The Year-End 2016 Solvency II technical provision (TP) audits raise questions about whether some (re)insurers are doing enough to build the evaluation process into business as usual (BAU). For others, solid foundations for evaluation and audit preparation are already paying dividends.
The TPs are the building blocks of the Solvency II balance sheet and the solvency assessments, decision making and disclosure that stem from it.
Done well, the results offer valuable insights into the risks being run. With so much riding on the TPs, and the diminishing timeline for getting them ready, it is time for the evaluation process to be built into BAU.

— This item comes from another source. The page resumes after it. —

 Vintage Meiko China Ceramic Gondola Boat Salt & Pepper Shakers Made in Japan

The central challenge is how many moving parts and expert judgements are involved, with each having a knock-on impact further down the line. The valuation guidelines are peppered with words like “justification” and “rationale”, putting the onus on your business to show the workings as well as the results. Accordingly, assessing whether the underlying evaluation process was fit for purpose was one of the keys to providing an audit opinion on the material accuracy of the TPs.
We at PwC reviewed around 40 insurers and reinsurers in what was, for most, the first round of Solvency II TP audits, covering businesses of different sizes and product focus. This has given us a good idea of the state of play on TP evaluation now and (re)insurers’ readiness to deal with the tightening timelines. So what have we learned?

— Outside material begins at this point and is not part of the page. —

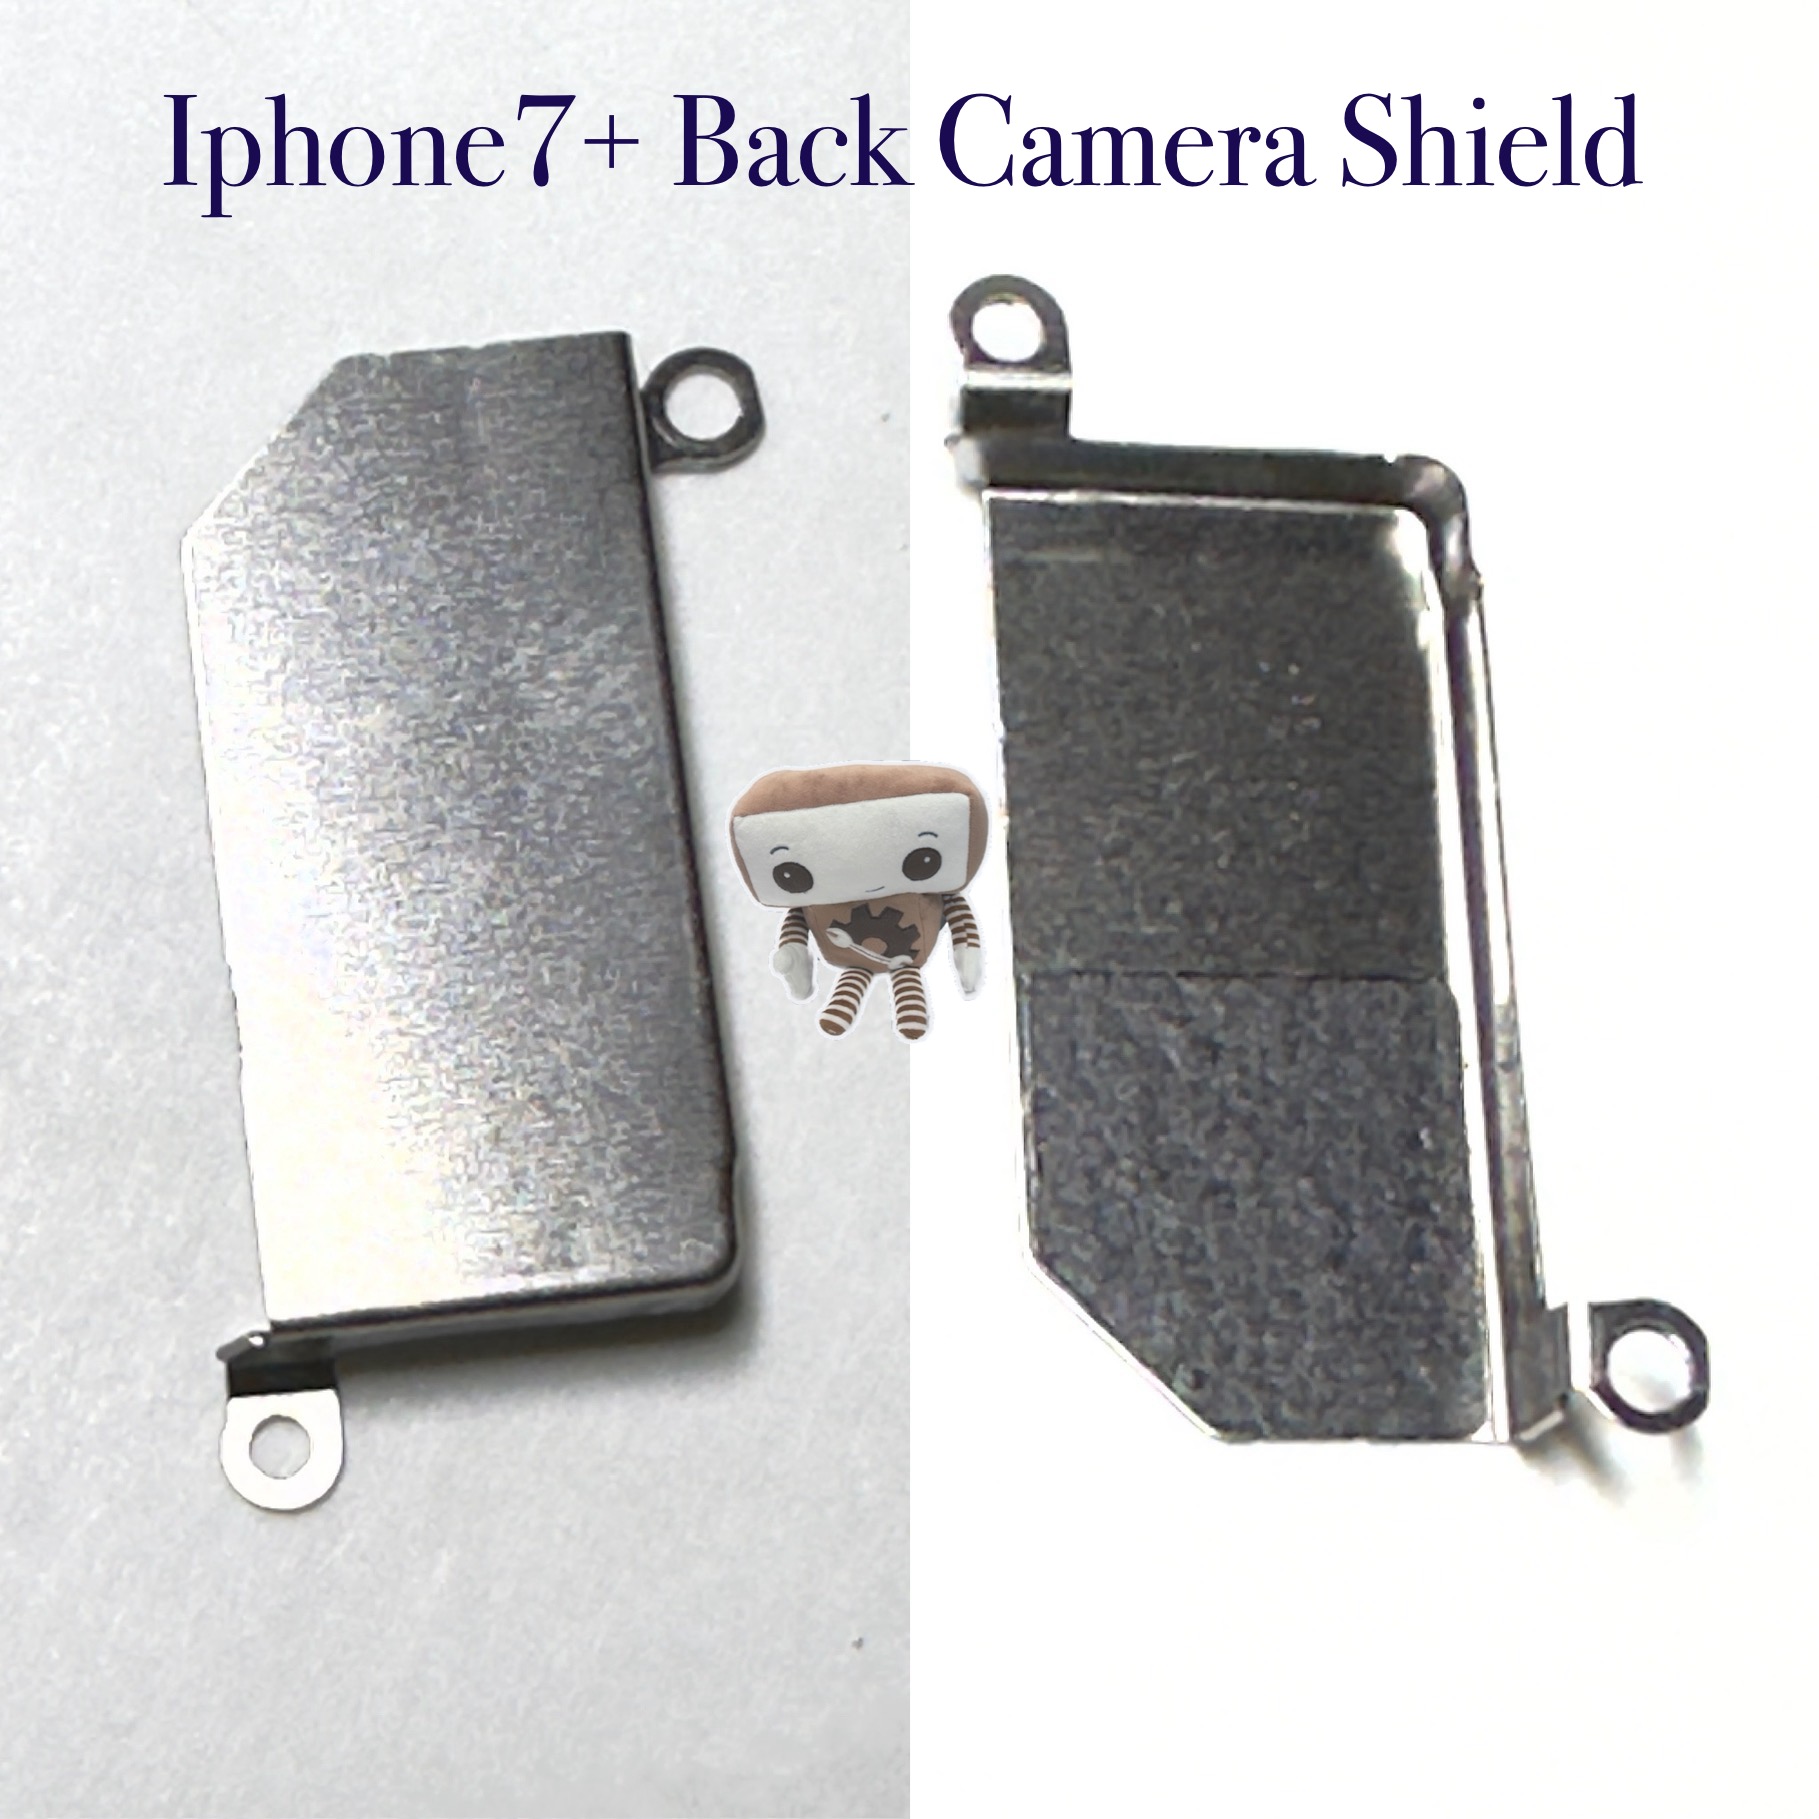 iphone7+ back camera shield

There’s a big spread in how effectively TPs are evaluated and built into BAU. The differences have little to do with the size of the organisation – some bigger groups recognise the importance of TPs to their business and its reputation, and have developed capabilities to match this; while others have been hampered by the challenges of applying a complex process to a large and varied organisation. Indeed, some of the businesses out in front are relatively small, suggesting that progress is more about attitude and approach than resources. The big demarcation is between organisations that see value in the TP evaluation and associated audit process, and have prepared accordingly on the one side, and counterparts that see this as just more red tape and have thus opted to do the bare minimum on the other.
The front-runners are finding that the more they put in, the more value they get out. This includes a better understanding of the economic dynamics of their enterprise and how to address the business opportunities and inefficiencies this reveals. Moreover, solid foundations for TP evaluation and preparation for audit also make the process a lot more straightforward. By contrast, the minimal approach can actually create more work in the long run. It also heightens the risk of error, regulatory sanction and resulting reputational damage.
So what marks out the front-runners and what does ‘fit for purpose’ look like?
A good understanding of what the regulations specifically require and how to apply this to the realities of the business is critical. Less effective approaches are often based on perception or instinct, which raised issues within the audits in a number of key areas including the calculation of the risk margin and changes in treatment of outwards reinsurance.
Close interaction between valuations of IFRS/GAAP and Solvency II TPs, rather than running them as completely separate processes, can help. Breaking down the silos that often close off interdependent activities, such as IFRS/GAAP and Solvency II calculations or finance and actuarial evaluations within Solvency II, makes it easier to deal with differences (e.g. treatment of reinsurance) and ensure that any adjustments in one component evaluation are fully reflected in other relevant areas.
A lot of thought has gone into the make-up, structure and required capabilities of the TP evaluation teams, which ensures that the people involved are clear about their role, their responsibilities and how they interact. This is supported by a systematic governance process. Such clarity is one of the keys to meeting timelines and ultimately building the process into BAU.
Models are not only set up to deal with the complexity of the process, but also flexible enough to respond quickly to changes and apply appropriate proportionality and materiality as required.
Solid documentation ensures that assumptions and requirements are well understood and communicated. This helps people coming into the team to get up and running quickly. It also aids engagement with regulators and auditors, reducing the number of questions arising.
Prior engagement with auditors helps the front-runners to gain a better understanding of focus areas and potential issues. They can then deal with any issues in advance, rather than ‘firefighting’ during the audit.
The approaches and capabilities that mark out the front-runners are proving useful now. As the timelines tighten, they are going to be vital. Less prepared businesses could struggle as inefficiencies become more significant and the need to address them in a hurry drains resources and heightens disruption. TPs are too important for bare minimum compliance.